Traditional reentrancy has a signature that every auditor can spot — a state change after an external call. But read-only reentrancy hides in plain sight: it targets view functions that return stale data during an ongoing callback, poisoning every protocol that reads from them. In Q1 2026 alone, at least $47M in losses trace back to price feeds that were technically "correct" — just queried at exactly the wrong moment.

This article dissects the mechanics, shows you how to detect it in your own codebase, and provides battle-tested defense patterns that work at scale.

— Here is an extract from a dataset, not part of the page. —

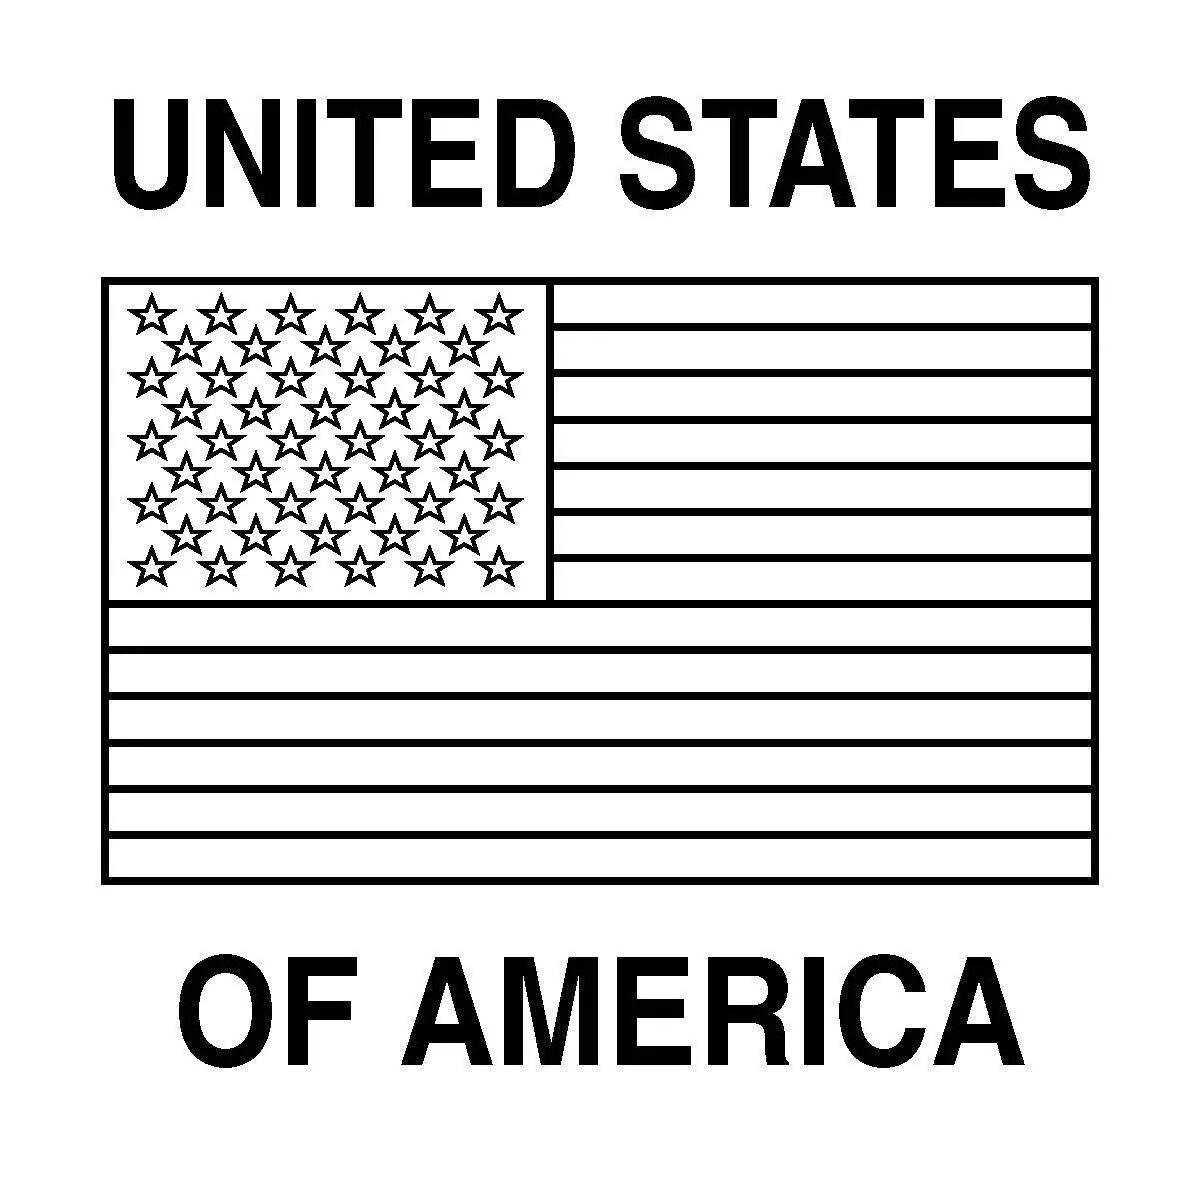 Изолированная страница раскраски американского флага для детей

The Anatomy of Read-Only Reentrancy

Why Traditional Guards Don't Catch It

A standard nonReentrant modifier protects state-modifying functions. But view functions — getVirtualPrice(), totalAssets(), getRate() — are left unguarded because they "don't change state." The assumption: reading data is always safe.

That assumption is wrong.

When Protocol A makes an external call (e.g., transferring ETH via a callback), execution briefly returns to the caller. During that callback window, Protocol A's internal balances are inconsistent — some state has been updated, some hasn't. If Protocol B calls Protocol A's view function during this window, it gets a snapshot of an incomplete state transition.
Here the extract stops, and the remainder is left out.